The performance by class for each model, as measured by the Area under the ROC curve is reported in
Figure 7. Random Forest consistently outperforms all other classifiers. J48’s performance is only slightly below Random Forest for the normal and zt classes, but exhibits significantly weaker performance in detecting nss attack. In the case of qc attack, logistic regression outperforms J48 and performs nearly as well for classes zt and normal. The multilayer perceptron has considerably poor performance in detecting the zt class.
In addition, as shown in the pruned version of the J48 decision tree in
Figure 8, the
outvel_pps attribute is the most predictive feature. The attributes duration, riotp, riotb,
in_conv,
resp_bytes, and
orig_bytes are also highly predictive.
5. Conclusions and Future Remarks
In this paper, we first reviewed issues relevant to IoT security, the security posture of IoT systems, in terms of the IAS Octave, the Cisco seven-layer IoT reference model, and the OWASP top ten IoT vulnerabilities. Then we proposed a data-driven framework to defend against IoT attacks, and presented a real-world IoT system—a secured access system allowing pre-approved users to gain access by means of a revocable smartphone enabled invitation. Experiments, using several months of captured network traffic, illustrate the importance of various aspects of the proposed framework, and also validate the ability of machine learning models to accurately detect network layer and application layer attacks from normal traffic. It can also differentiate different types of network layer attacks, including query cache, zone transfer, and no shared secret.

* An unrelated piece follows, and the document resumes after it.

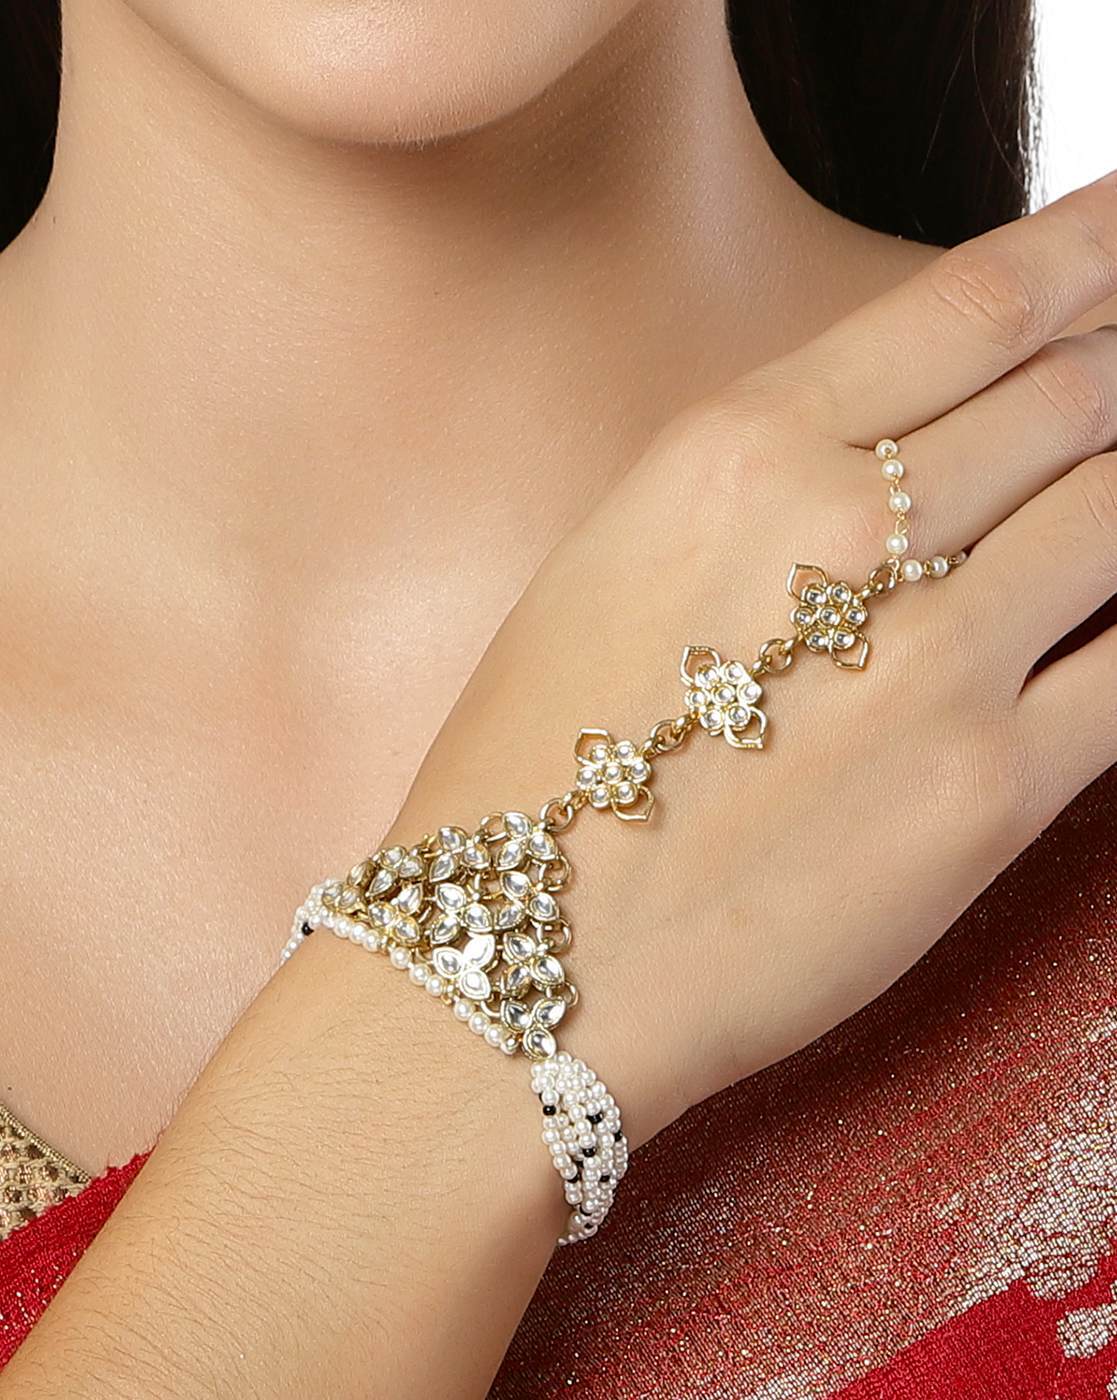 Sipradh Alloy Diamond Gold-plated Ring Bracelet Price in India - Buy  Sipradh Alloy Diamond Gold-plated Ring Bracelet Online at Best Prices in  India | Flipkart.com
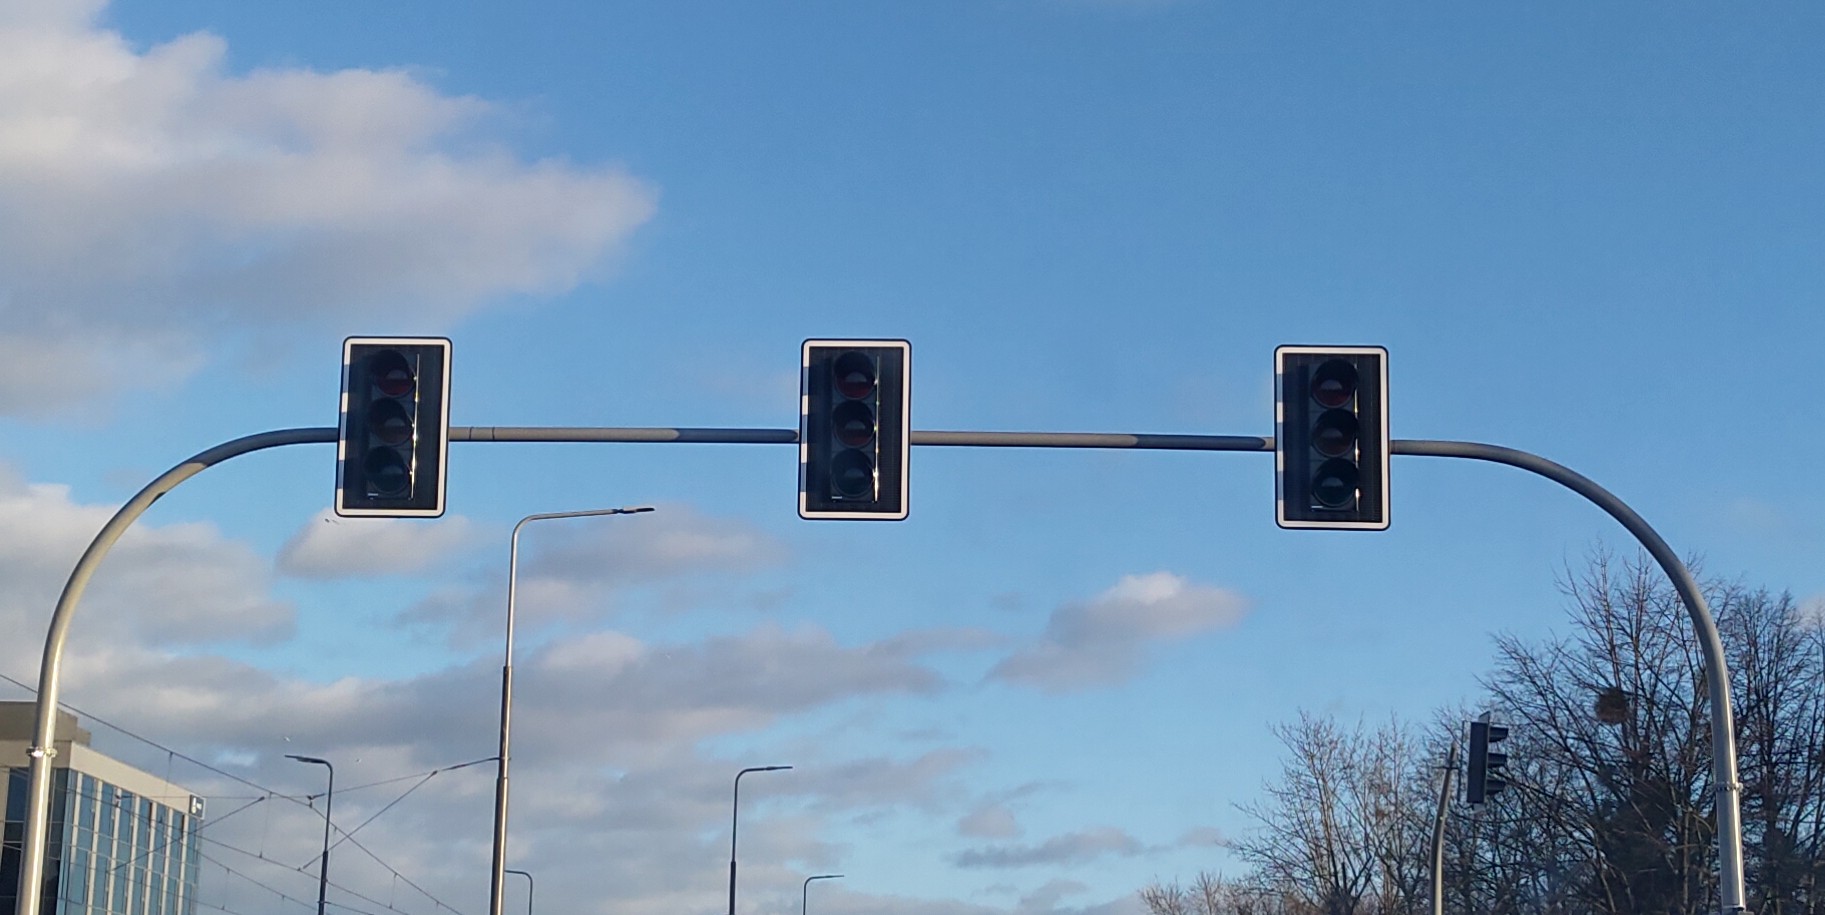 Wyłączenia sygnalizacji świetlnych na dwóch skrzyżowaniach

Future work may include penetration testing attacks for the evaluation of attacks not discovered organically, as well as the design and evaluation of attributes contemplated to identify specific characteristics of various attack types. Attempts to better evaluate machine learning approaches for predicting IoT application layer attacks not found herein are also necessary for future study. Additionally, the attributes considered in this study are “stateful” from the perspective of [
31]. It would be interesting to evaluate the performance of “stateless” attributes in detecting attacks. It would also be interesting to evaluate the performance of other machine learning approaches, such as deep learning. Perhaps a method of transfer learning similar to that contemplated in [
45] might be achievable, and would be worthy of exploration.
While the proposed framework is intended to be a starting point for secure IoT system design, future work could also be realized in the implementation of an operational system. The secure access IoT system evaluated herein could definitely be improved upon by implementing this framework. DNS is a weakness that could be addressed by using a Blockchain to implement edge device bootstrap and licensing. Additionally, edge devices could be improved to resist tampering, and analytics could be introduced to evaluate edge device misuse and also physical tampering. The implementation of machine learning, trained for recognizing known attacks, may augment the system by providing a certain level of protection against zero-day attacks on the system.